L’eau fraîche qui descend d’une chute

Sa vision

Sa non odeur

Sa musique

Ce doux clapotis

Continu - sans problème -

Qui ne rencontre aucun uppercut

Qui s’enfuit sans bruit

Dans le dédale des rochers.

 

L’air me manque.

 

Le grand air de la montagne

Trop vrai - trop fort - trop pur

Qui fait te sentir vivant…..

Le grand air de la campagne

Plus subtil

Plus plat

Plus parfumé par les herbes champêtres

Un air de printemps…..

Le grand air de la mer

Avec ses petites gouttelettes qui chatouillent le museau

Parfois

Avec un petit goût de sel

Un goût de vraie vie.

 

Le soleil me manque.

 

Non pas celui étouffé sous les bras

Par la canicule

Celui qui tient plus du four que du soleil véritable

Chaleureux et sincère

Un soleil d’automne comme celui de ce jour

Où l’air est un peu frais

Où le soleil s’y mêle complice.

 

Le froid qui se profile chaque jour davantage

Rend réel l’effet-prison

L’air vient à manquer

Vite, il faut en aspirer tant et tant :

Une réserve d’air….

L’eau vient à manquer

Sa clarté sa petite chanson vierge

L’iode marin et la vague qui déchire

Les rides l’une après l’autre…..

Le soleil vient à manquer

Avec ses vitamines son côté « lever du bon pied »
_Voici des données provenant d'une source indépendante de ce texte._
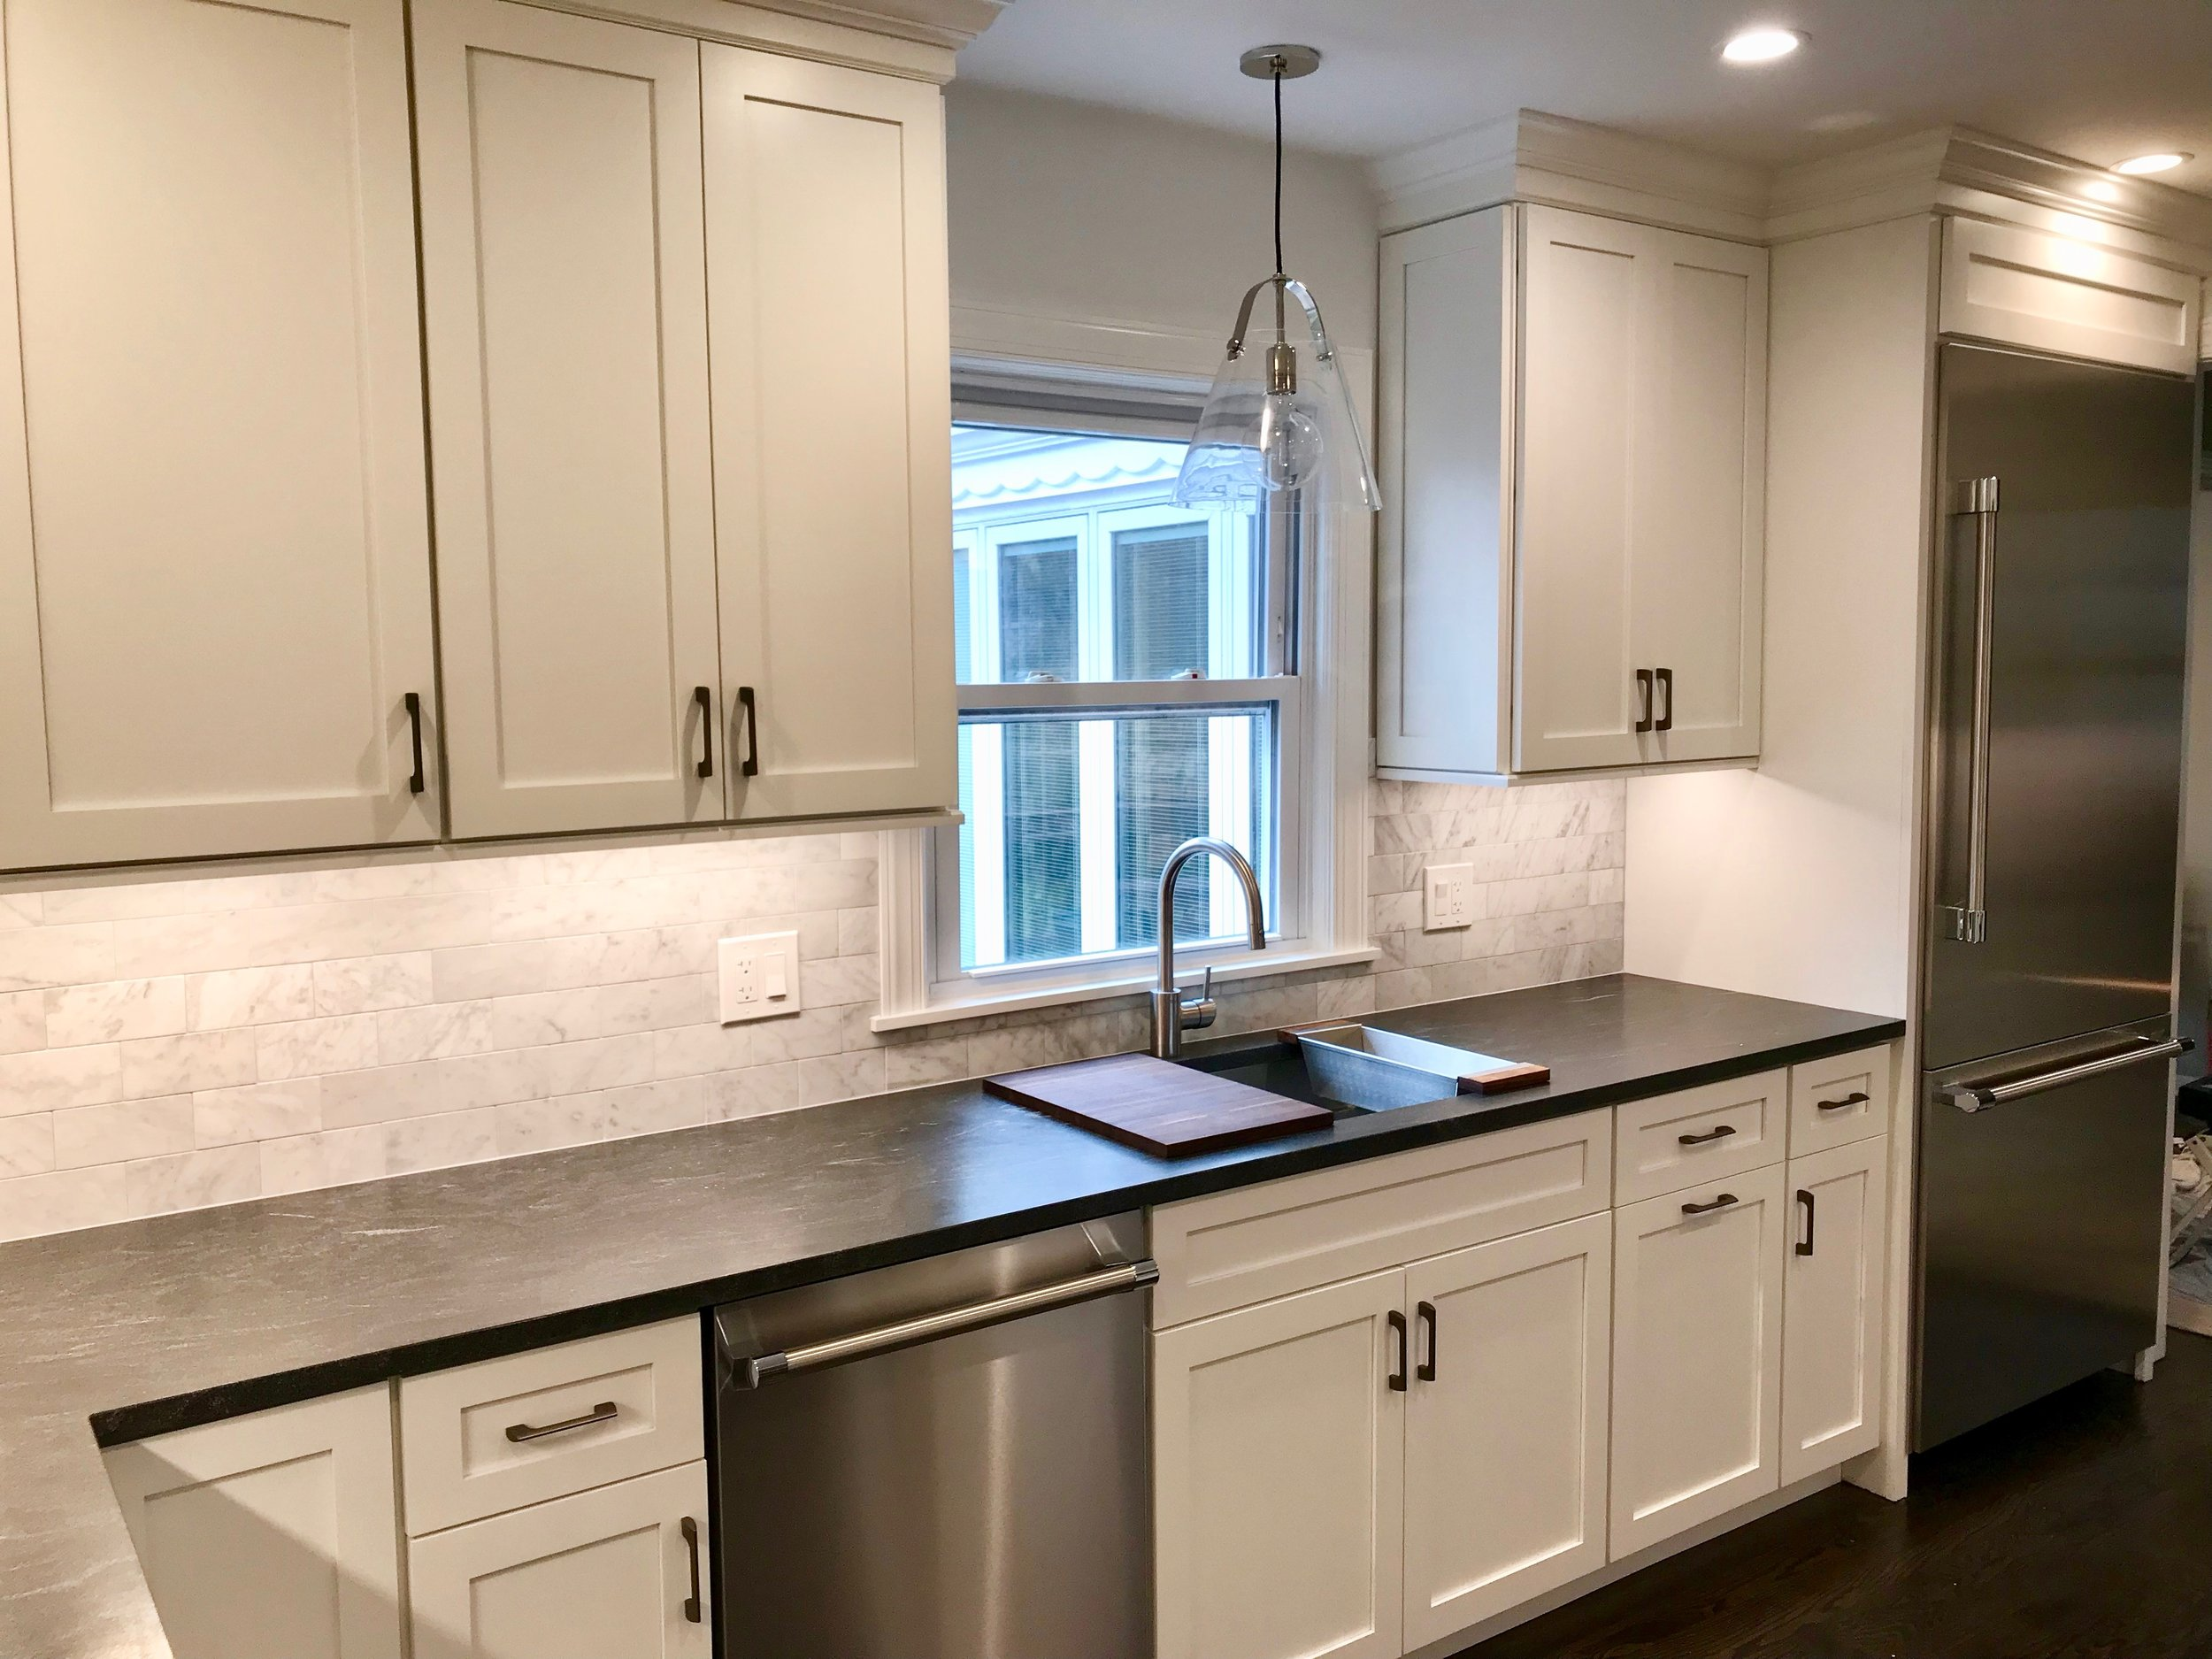 A counter-depth refrigerator is preferable despite the additional cost, especially in a small kitchen.

Avec son rayon qui s’emmêle dans les cheveux de l’albizia

Avec sa malice de dessiner des cercles et des figures

Sur les murs.

 

Il faut avaler de grands bols de choses désirées

De ces choses qui manquent au corps

Comme toujours plus de nourriture

Comme un ventre sans cesse affamé

Qui ne peut se rassasier

Car trop lui manque.

 

Il lui manque tout ceci de nécessaire mais il a beaucoup pourtant

Il se replet depuis des mois à ne regarder que ce qui est

Sans jamais penser à ce qui manque

Et la réalité des premiers jours de septembre

A déposé sur un plateau

Le petit déjeuner du manque.

 

Il faut boire le soleil à la paille

Comme un bébé rose qui s’affaire autour des lèvres

Pour dessiner une petite moustache.

 

Il faut boire l’eau de la source à la paille

Comme une truite liquide qui se faufile agile

En tortillant la queue.

 

Il faut boire l’air à la paille

Comme en aspirant la montagne par les deux bouts

Comme si le ballon n’avait pas de fond

Qui vit d’air et d’amour

Qui veut en faire des ballons à formes pliées dans tous les sens

En grinçant.

 

Il faut boire la vie en faire une réserve

Chaque jour se la lire en poème

A petite lampée la diluer dans le moment présent

Huile essentielle de vie pour tenir le coup.

 

Le chemin est le chemin.

 

On ne sait pas où il va même si l’on devine d’où il vient

Les avancées sont autant de perles à boire à la paille

De la pensée positive.

Il faut cultiver les forces même petites

En faire un champ de courges fortes et efficaces

Qui grimpent aux grillages

Qui courent toutes seules et dans tous les sens

Qui sont pleines et lourdes

Pleines de vie - de graines - de pulpe - de volonté.

 

Le soleil est un complice qui lorsqu’il fuit

Nous donne envie de pleurer

Quand il est là parfois on ne sait pas l’apprécier

Je veux chanter le soleil comme on chante au premier matin du monde

Je veux écrire pour le soleil

Comme un prince par les peuples vénéré.

 

Je n’ai pas de maïs mais mon cœur le connaît

Comme le précieux don de vie du soleil

Dans son habit le maïs est fruit du soleil

Chacun de ses petits yeux est un sourire

Pour affronter l’hiver.

 

La vie est un cadeau parfois dur à déballer.

 

La vie est un cadeau à la peau dure parfois.

 

Il faut la manger peu à peu

Comme autour d’un noyau

Sans se soucier des adhérences.

 

Une peau de vie douce comme une pêche

Un fruit de la pêche parfois trémoussant

Le jus de vie est parfois amer ou bouillant

Mais le doux murmure de la source

Vient

Le rafraîchissant.

 

Carole Radureau (10/09/2019)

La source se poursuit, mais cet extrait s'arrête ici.